[Data segment]
......

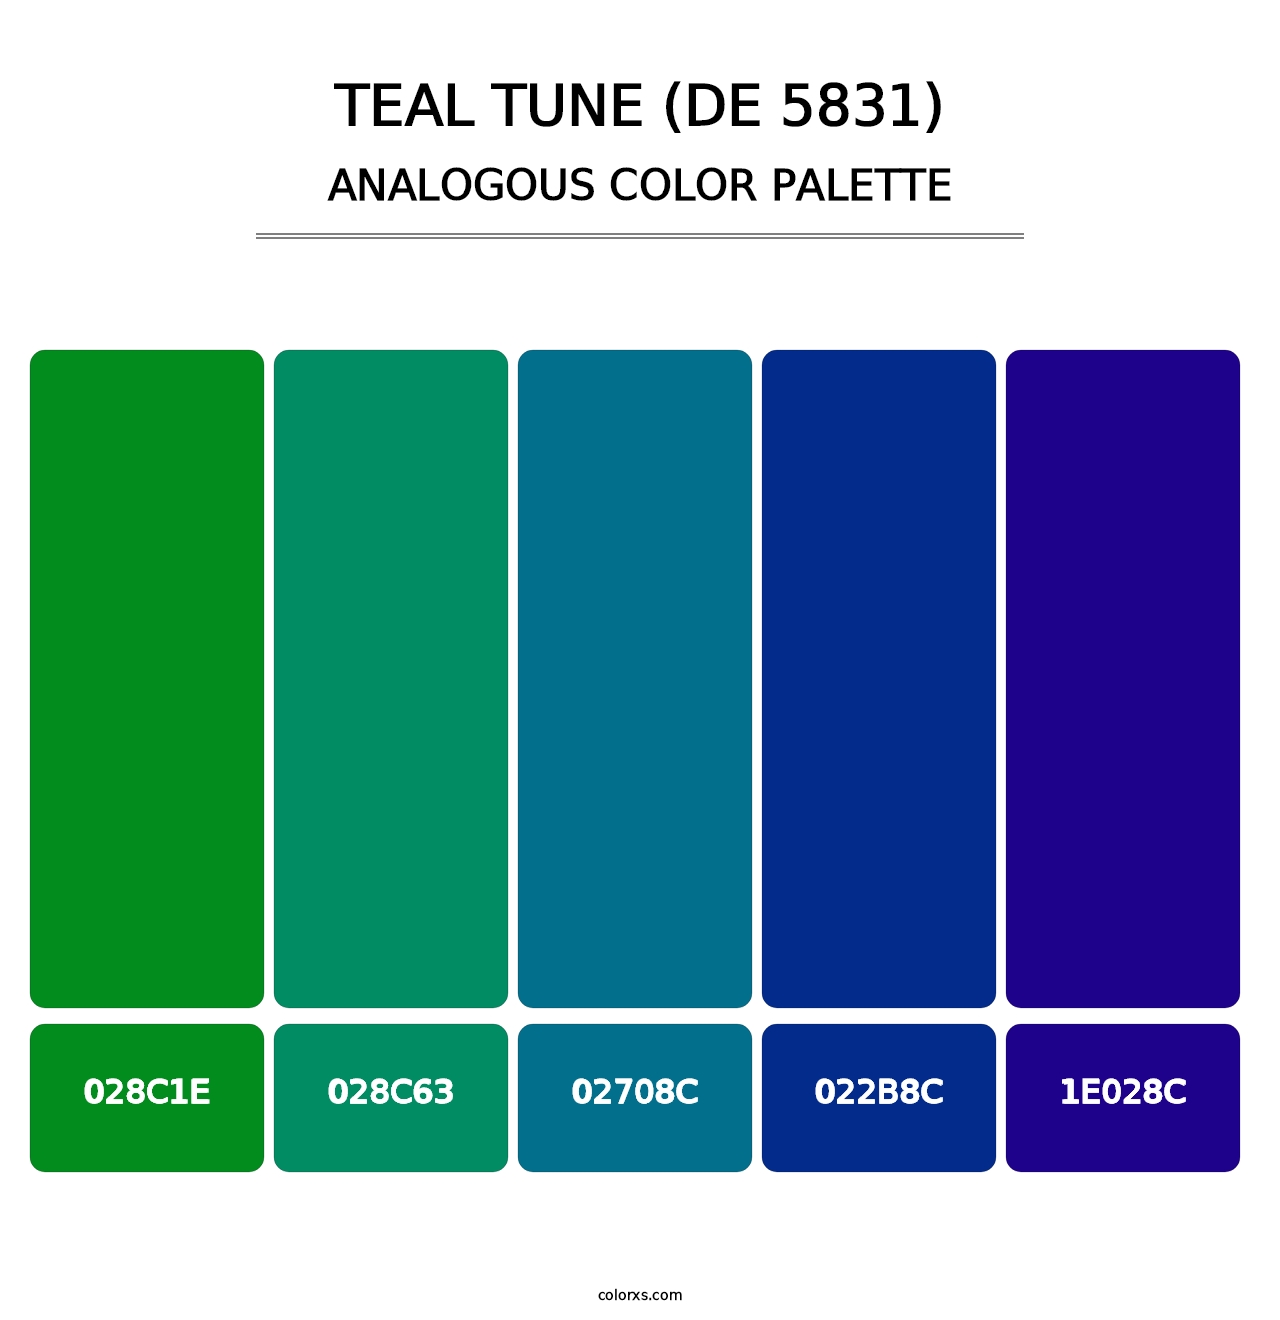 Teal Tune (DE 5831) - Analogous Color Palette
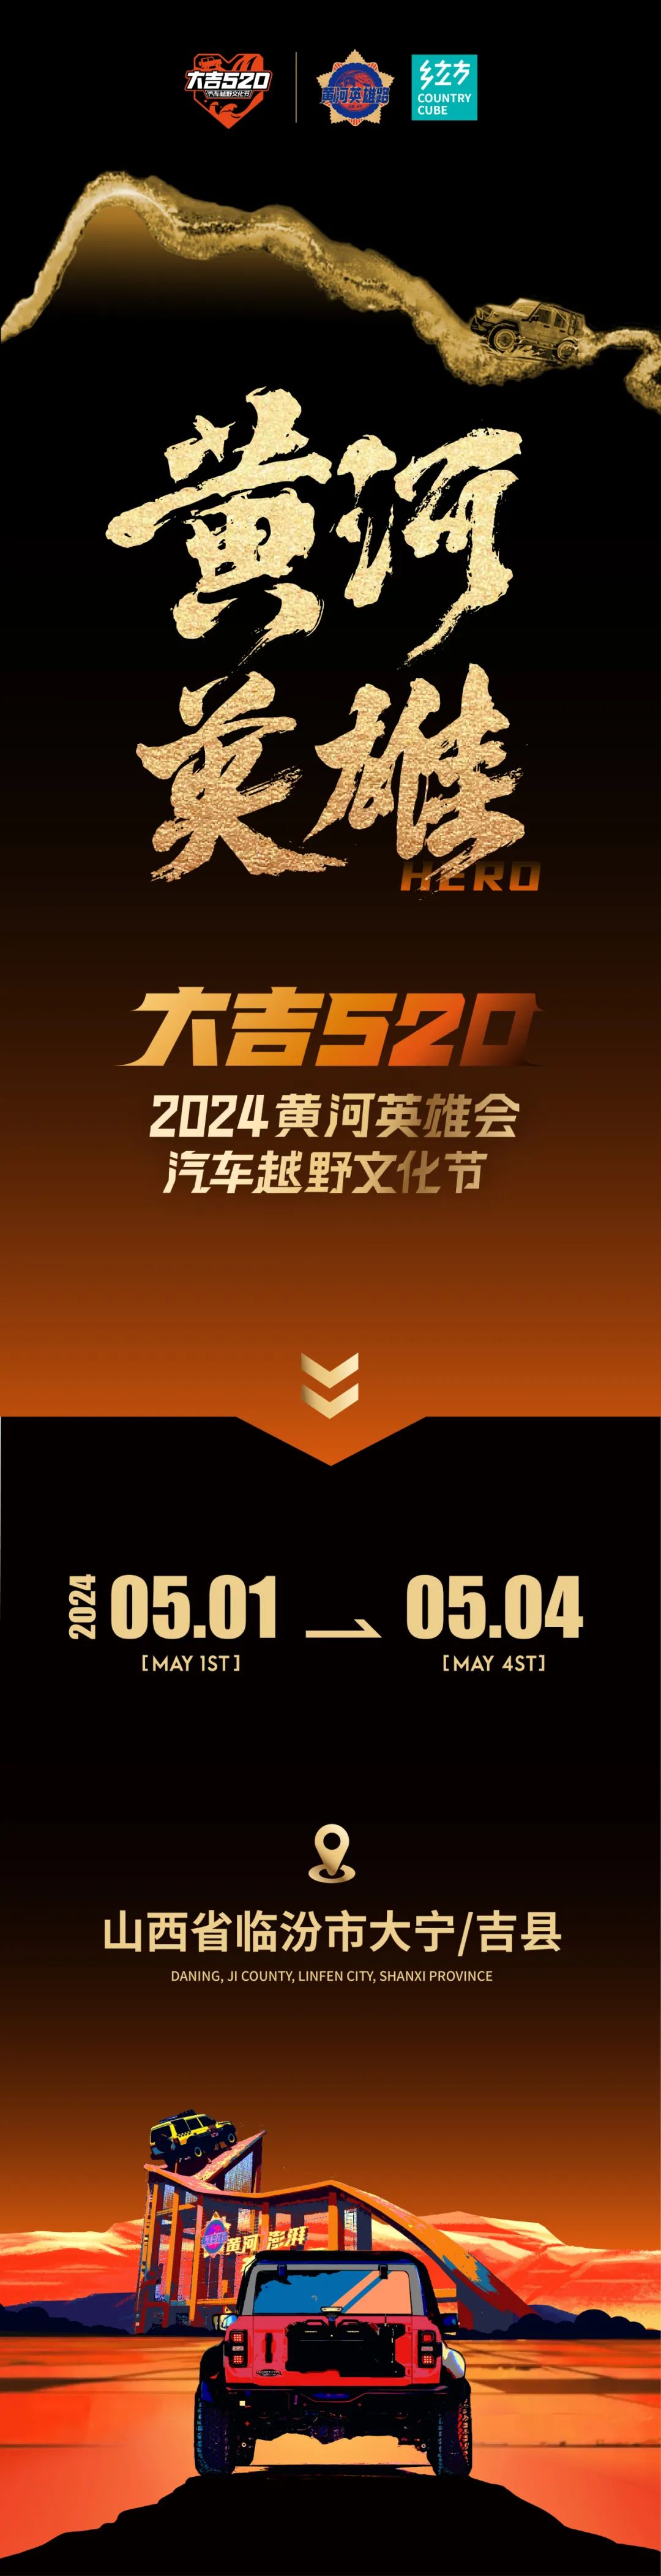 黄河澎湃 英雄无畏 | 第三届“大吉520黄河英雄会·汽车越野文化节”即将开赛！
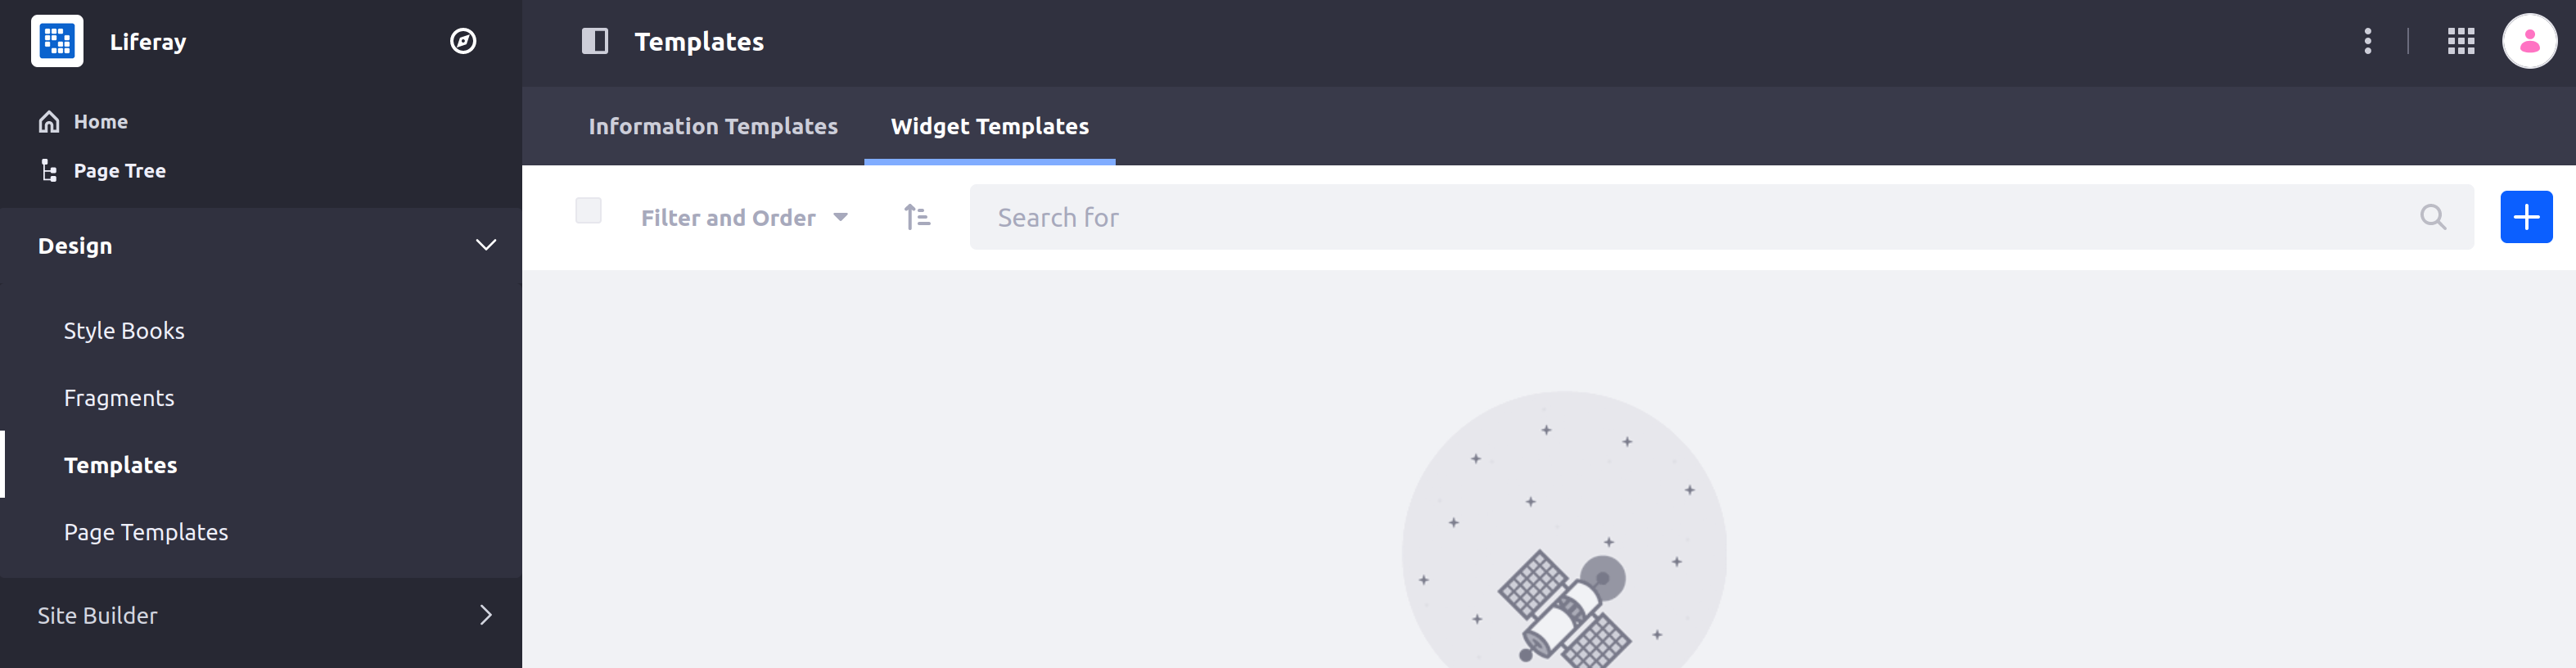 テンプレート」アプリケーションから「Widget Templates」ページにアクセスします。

......

Going from the line holding "黄河澎湃 英雄无畏 |" to the last line of the data above, reproduce every line exactly, both included, with the pictures omitted.

[Output of the task]
 黄河澎湃 英雄无畏 | 第三届“大吉520黄河英雄会·汽车越野文化节”即将开赛！
 テンプレート」アプリケーションから「Widget Templates」ページにアクセスします。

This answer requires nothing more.